In 2024, PAR profiles showed stronger attenuation outside corrals than inside (Figure 5). Predicted minimum-light threshold depths were 101 cm (95% CI: 99–104) inside corrals and 81 cm (95% CI: 77–85) outside, corresponding to a 1.25× increase inside corrals (95% CI for ratio: 1.22–1.29).

Across the 2024 sampling dates, near-surface PAR was often higher in the open lake, whereas PAR at deeper depths was consistently higher inside corrals (Supporting Information Figure S3; Table S2). We attribute this to near surface phytoplankton biomass inside the corrals, with less suspended solids in the water column compared to outside the corrals. Regression slopes of ln(PAR) versus depth varied among dates and generally indicated weaker attenuation inside corrals, except during a late-August bloom when phytoplankton biomass was elevated inside the corrals (Figure S1). Accordingly, the depth at which PAR reached the theoretical minimum occurred deeper inside corrals on most dates, with exceptions only when phytoplankton biomass was substantially higher inside corrals.

Phytoplankton biovolume (log₁₀ µm³ mL⁻¹) was significantly lower inside corrals (GLM: z = 2.23, p = 0.02; Figure 6; Table S3). Mixed-effects models indicated that relationships between PAR and covariates were depth-dependent (Table S4): Chlorophyll a and phycocyanin were associated with reduced PAR at the two shallowest depths but not deeper, consistent with pigment distributions concentrated near the surface. Total suspended solids reduced PAR across all depths, whereas volatile suspended solids, oxidation–reduction potential, and conductivity were most strongly associated with mid-depth PAR.

4. Discussion

Resuspension of fine sediments together with elevated phytoplankton biomass, emerged as the dominant controls on light attenuation in Utah Lake and represent a critical barrier to ecosystem recovery. By reducing wave energy and abiotic and biotic physical disturbance, the mesocosms promoted particulate settling, reduced resuspension, reduced optical backscatter, and increased subsurface light availability. These conditions are prerequisites for littoral zone benthic primary production and for re-establishing benthic–pelagic coupling in shallow lake ecosystems such as Utah Lake. However, under certain conditions these can also increase suspended phytoplankton biomass.
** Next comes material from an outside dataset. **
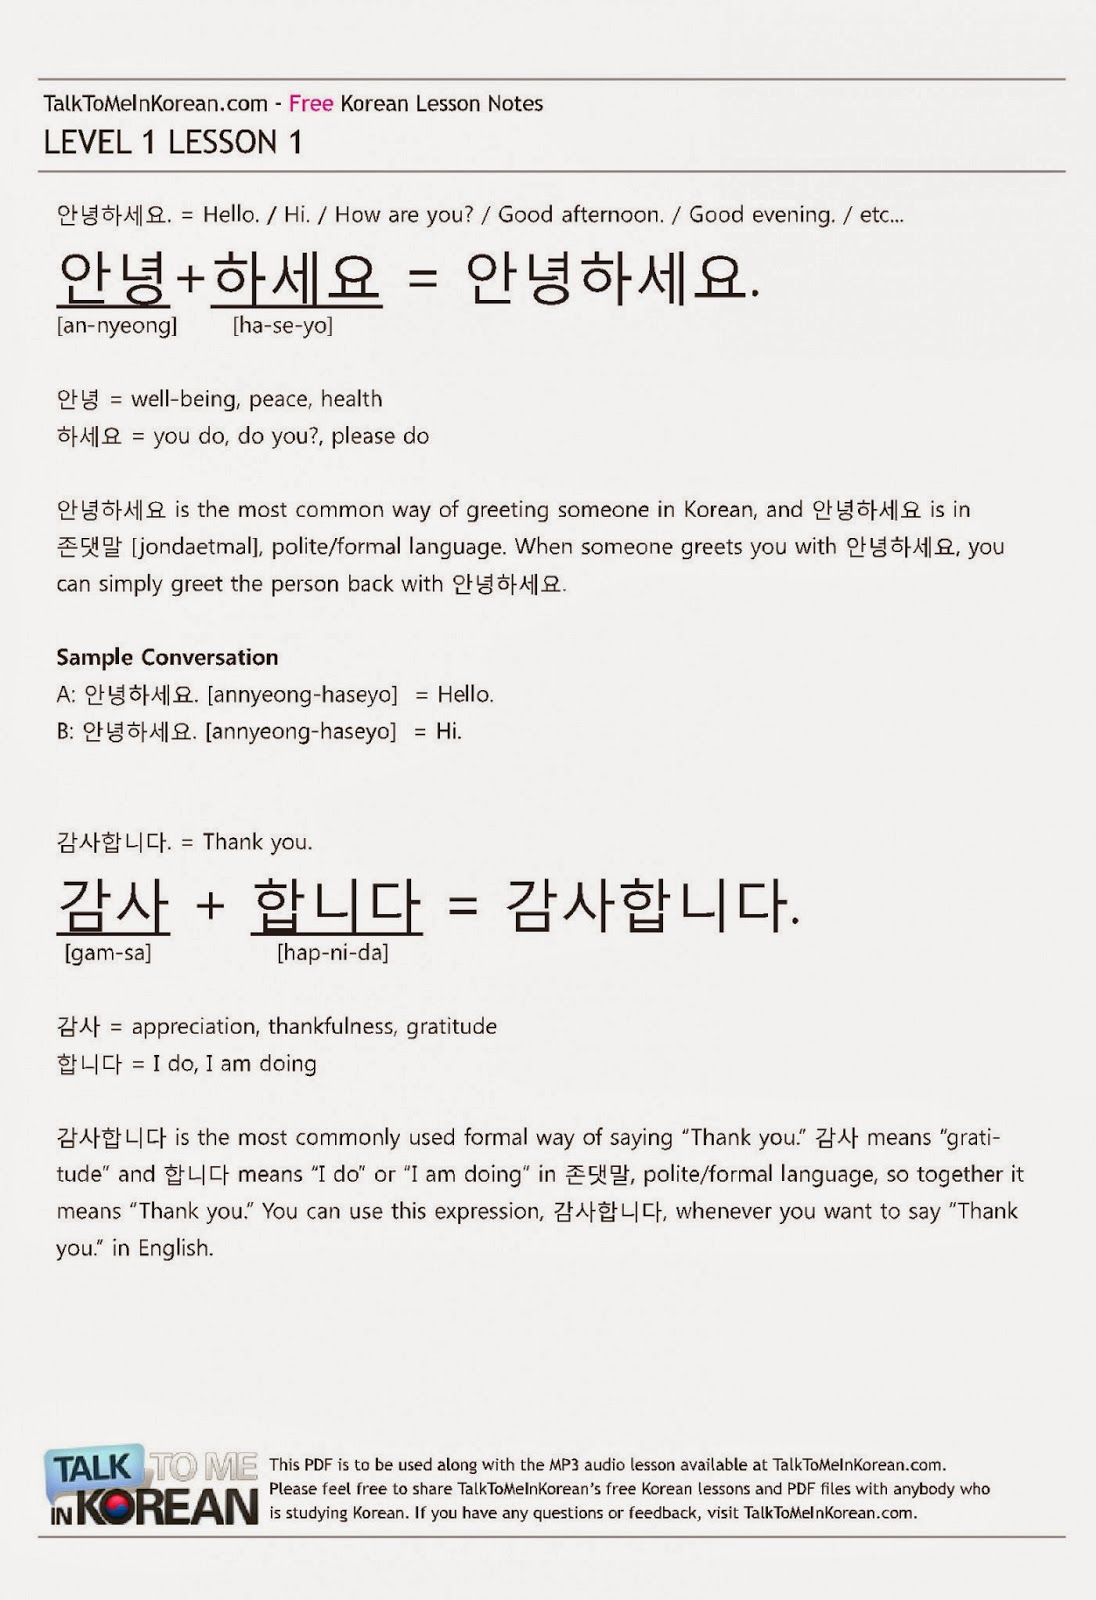 File học tiếng Hàn theo bài khi tải về
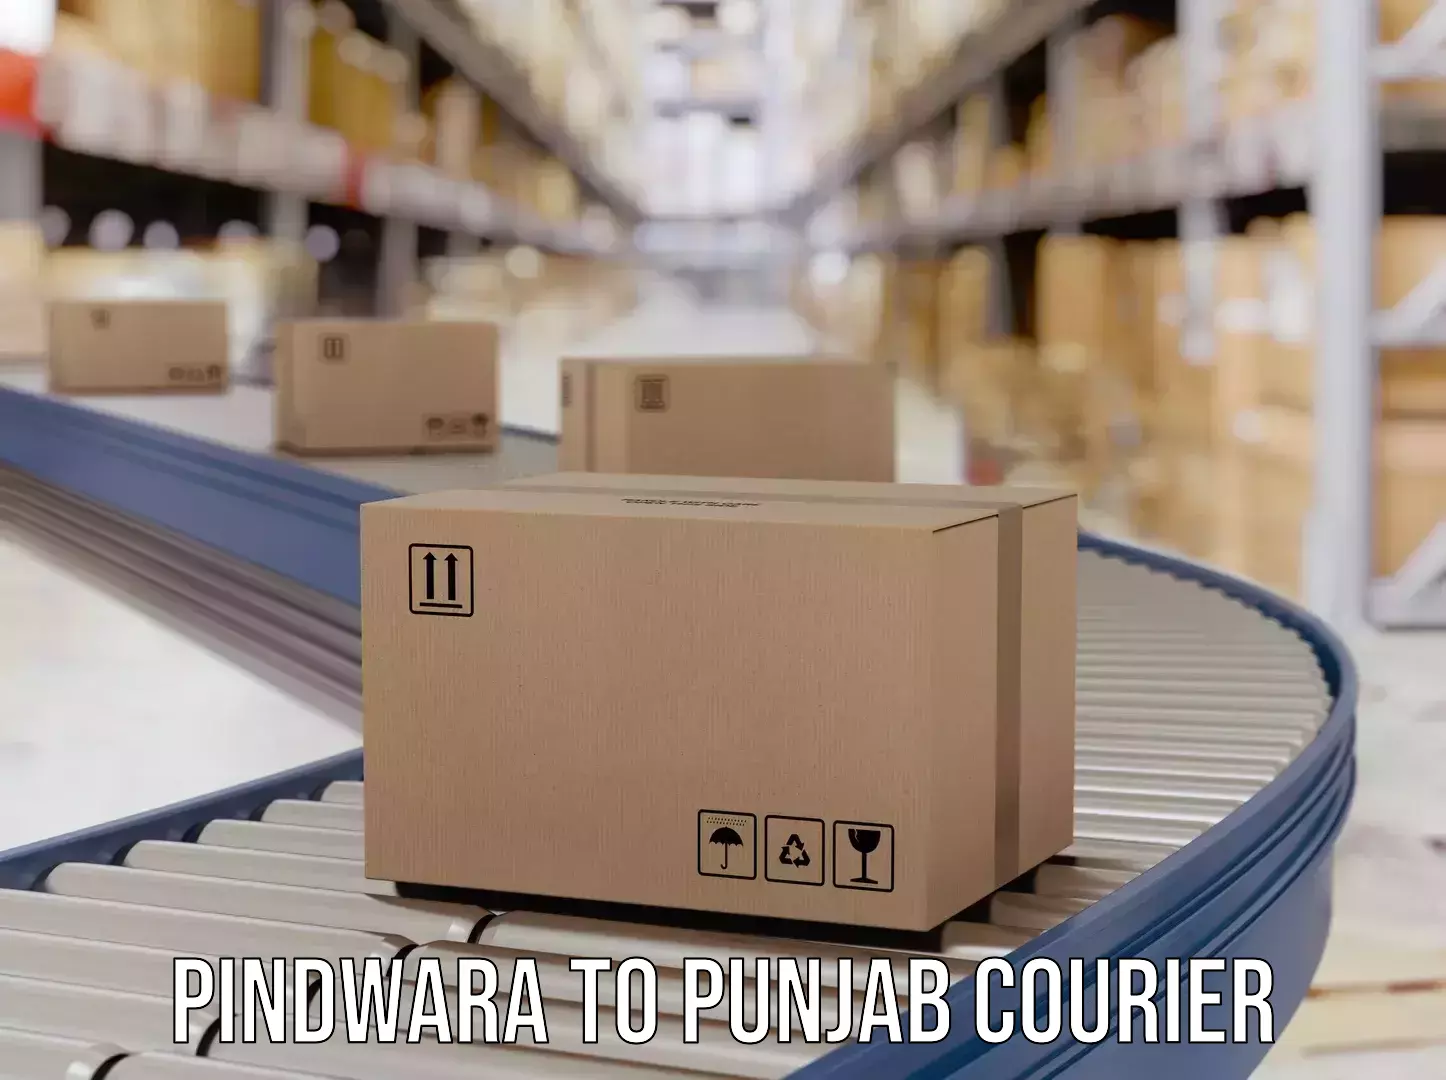 Efficient freight service Pindwara to Punjab

Phytoplankton biomass contributed to light attenuation through mechanisms that differed fundamentally from those of inorganic suspended solids. Whereas resuspended fine sediments primarily increase light attenuation via scattering and backscatter, phytoplankton blooms reduce light penetration mainly through absorption and self-shading. Prior work has demonstrated that high chlorophyll a concentrations can strongly attenuate PAR, with large-celled taxa such as the dinoflagellate Ceratium hirundinella capable of attenuating nearly 90% of incident radiation [25]. This species frequently dominates phytoplankton assemblages in Utah Lake and, together with other phytoplankton taxa particularly cyanobacteria, likely plays a substantial role in regulating underwater light conditions during blooms [26]. In addition, microbiologically mediated CaCO₃ precipitation may further elevate turbidity and light scattering, representing an understudied but potentially important process requiring targeted investigation [25]. While these processes contribute significantly to light limitation in Utah Lake, suspended sediments are the dominant process controlling light limitation outside of active blooms.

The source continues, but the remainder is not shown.